5. Limitation of Liability
VENDOR DOES NOT ACCEPT LIABILITY BEYOND THE REMEDIES SET FORTH HEREIN OR IN THE APPLICABLE WARRANTY STATEMENT. VENDOR SHALL NOT BE LIABLE FOR LOST PROFITS, LOSS OF BUSINESS OR OTHER LOSS OR DAMAGE RELATING IN ANY WAY TO PRODUCTS OR SERVICES, WHETHER DIRECT OR CONSEQUENTIAL, SPECIAL, INDIRECT OR PUNITIVE, EVEN IF ADVISED OF THE POSSIBILITY OF SUCH LOSSES OR DAMAGES, OR FOR ANY CLAIM BY ANY THIRD PARTY. THE FOREGOING LIMITATIONS APPLY REGARDLESS OF THE CAUSES OR CIRCUMSTANCES GIVING RISE TO SUCH LOSS, DAMAGE OR LIABILITY, EVEN IF SUCH LOSS, DAMAGE OR LIABILITY IS BASED ON NEGLIGENCE OR OTHER TORTS OR BREACH OF CONTRACT INCLUDING, WITHOUT LIMITATION, FUNDAMENTAL BREACH OR BREACH OF A FUNDAMENTAL TERM.

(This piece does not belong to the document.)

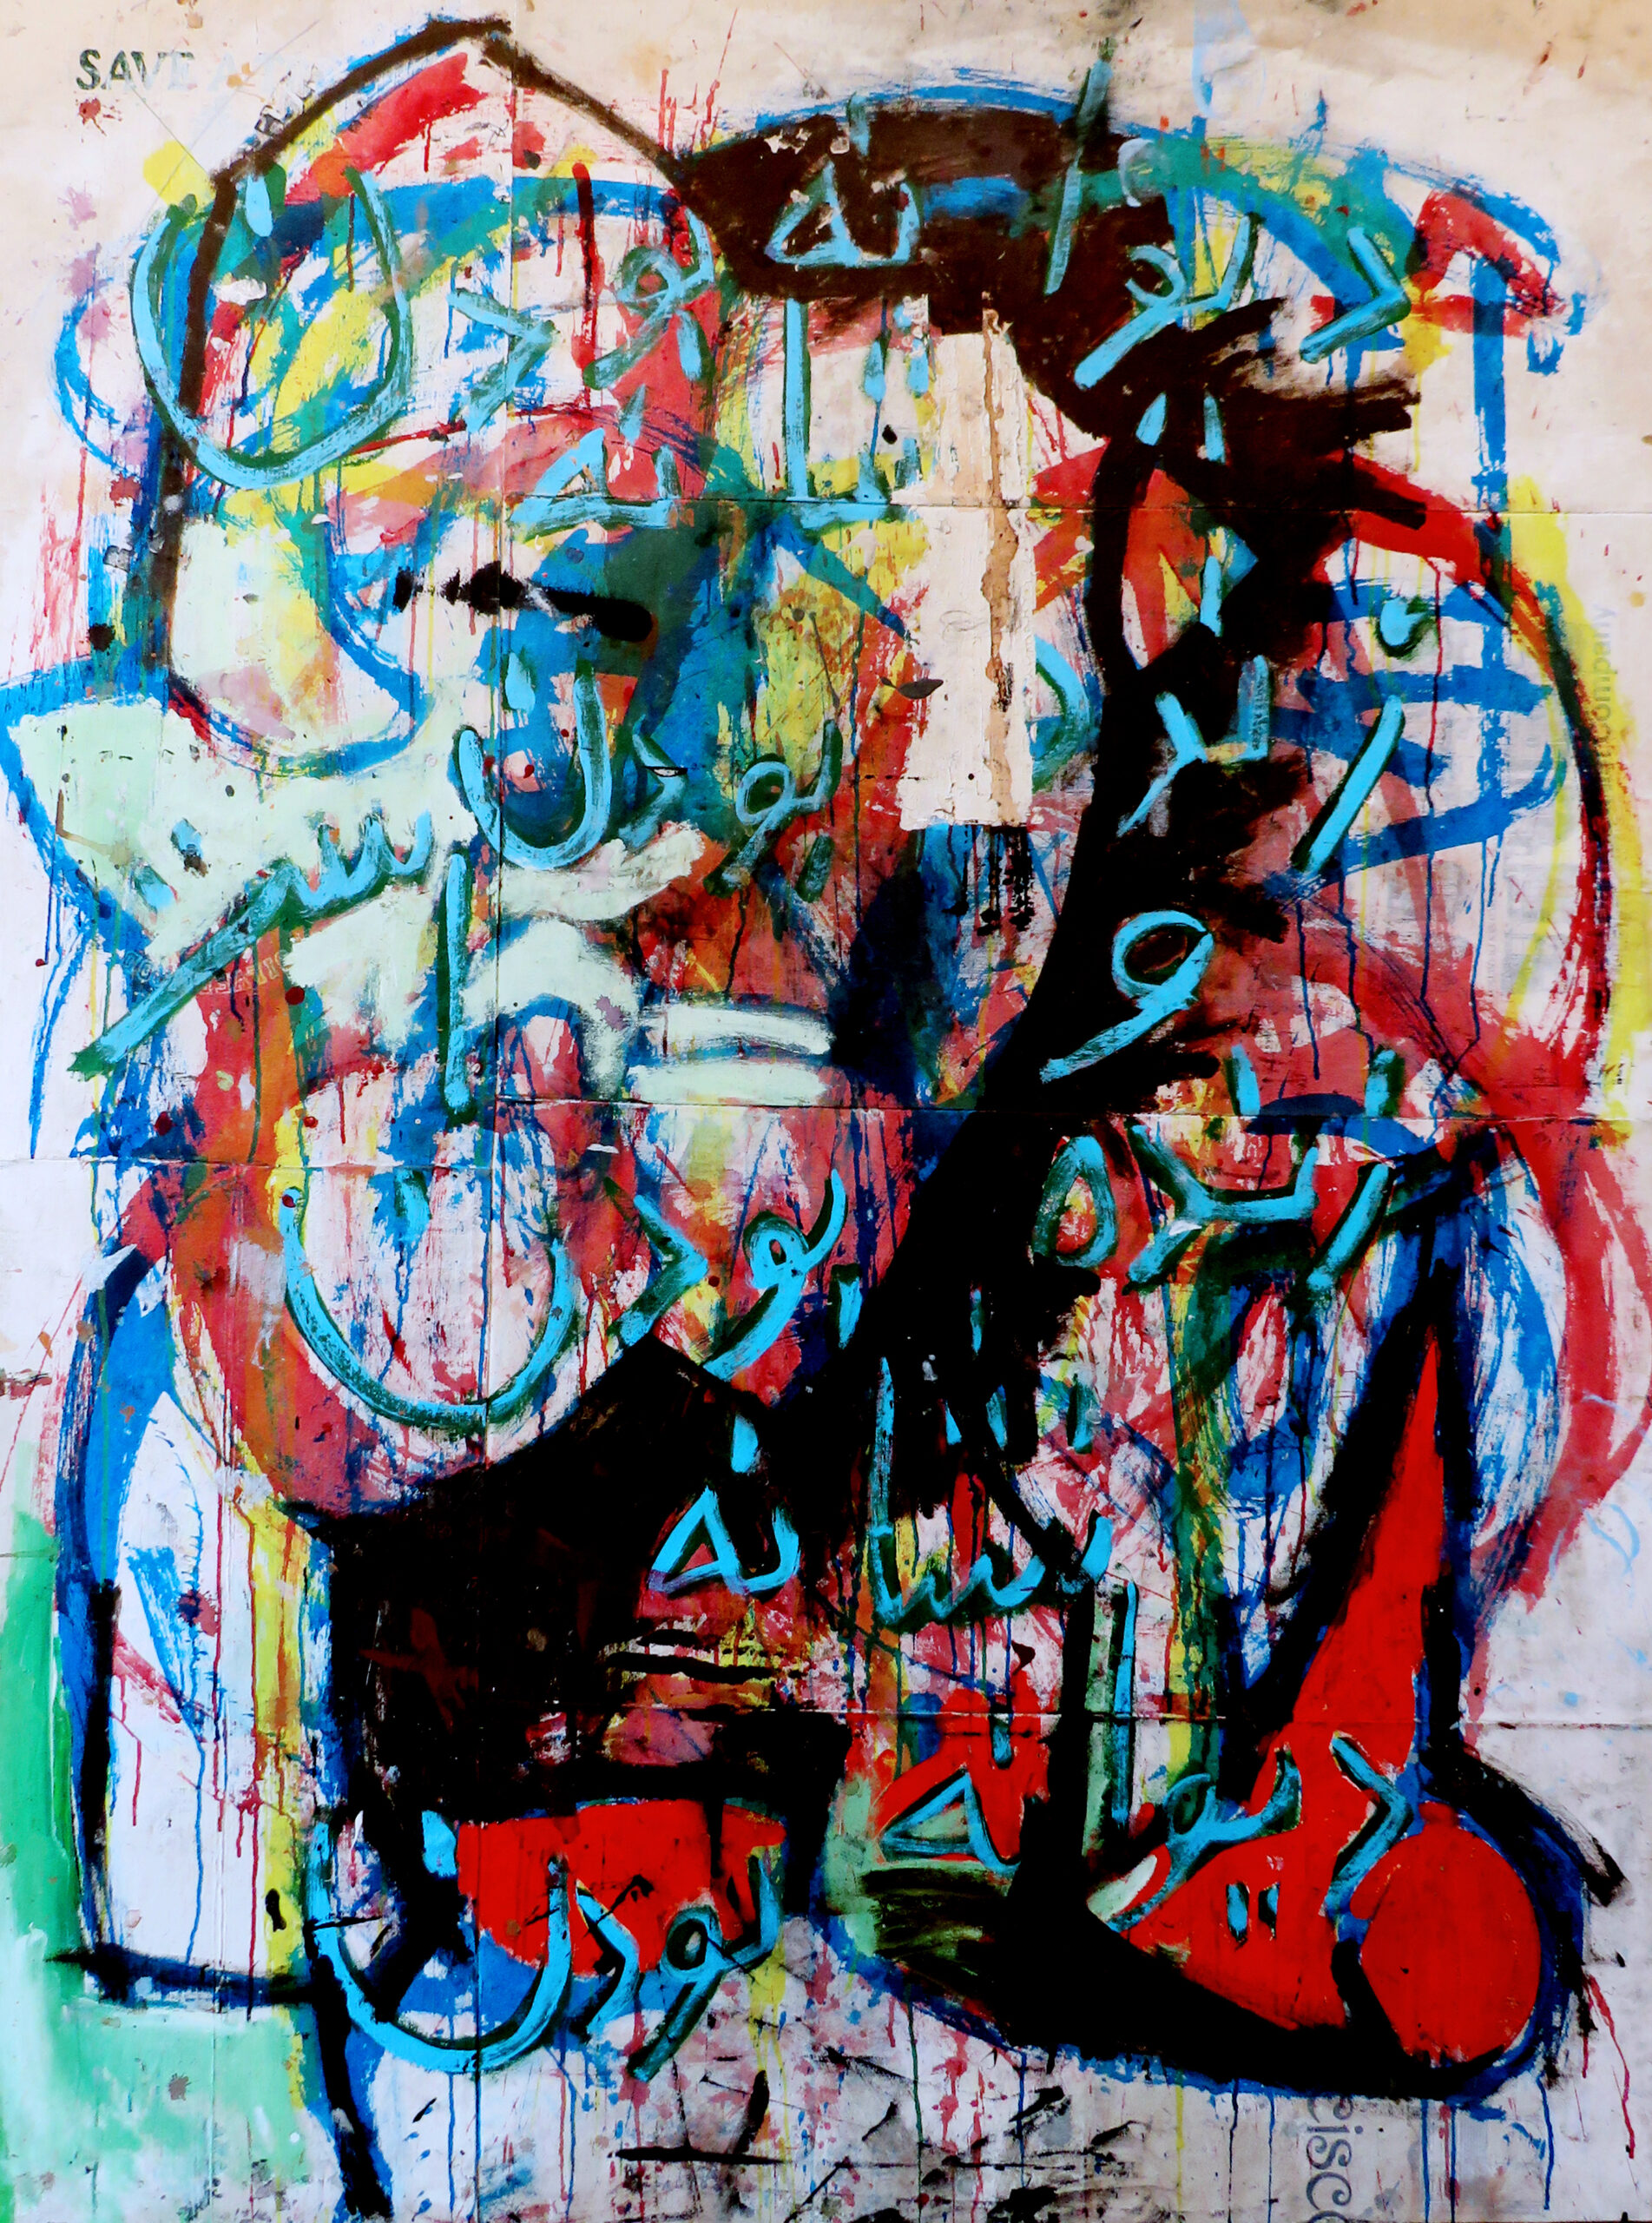 "Mad to Live," a silk screen print layered with mixed media, created by Iranian artist Ali Dadgar
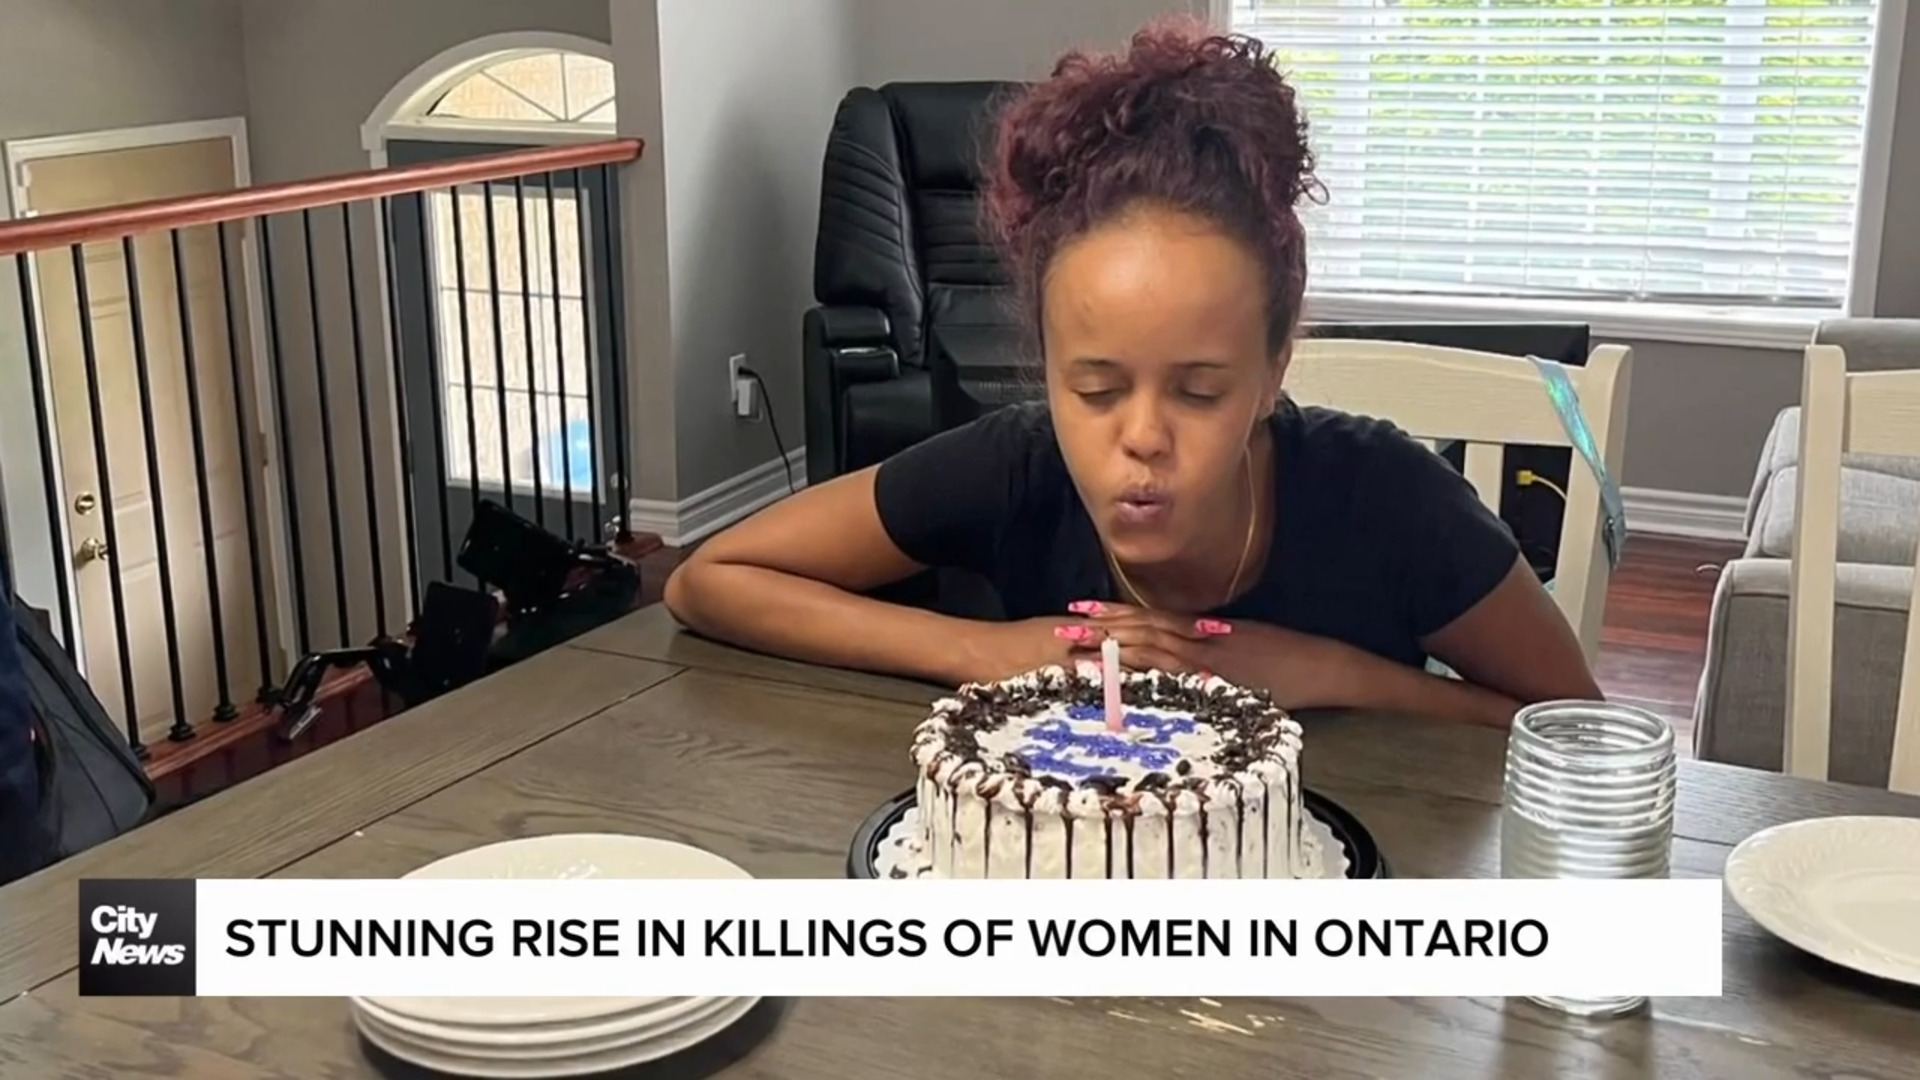 Tracking a stunning rise in killings of women in Ontario

Customer expressly releases Supplier and waives all claims against Supplier and those for whom Supplier is, in law, responsible, including claims for death, injury, bodily harm, damage to or loss of property or income, nuisance, inconvenience, discomfort, arising from:
a) any activities and work upon, or removal of items from Customer’s premises by Supplier or its designates, as reasonably necessary to provide the Service;
b) any interruption or cessation in the supply of utilities, services or systems serving Customer’s premises; or
c) any other occurrence, cause or peril whatsoever, except and to the extent arising by wilful misconduct of Supplier or those for whom it is in law responsible.
6. Entire Agreement
The terms and conditions contained herein and any document incorporated by reference or referred to herein constitute the entire agreement between Customer and Supplier pertaining to the subject matter hereof, and supersedes, terminates and otherwise renders null and void any and all prior agreements, understandings and negotiations, whether written or oral, between the parties. In the event of a conflict between these terms and conditions of sale and any of the documents incorporated by reference or referred to herein, these terms and conditions shall govern.
7. Severability
The invalidity or unenforceability of any provision of these terms and conditions shall not affect the validity or enforceability of any other provision hereof and any such invalid or unenforceable provision shall be deemed to be severable.
8. Force Majeure
Supplier shall not be liable for any delay or failure in performance caused by circumstances beyond its reasonable control.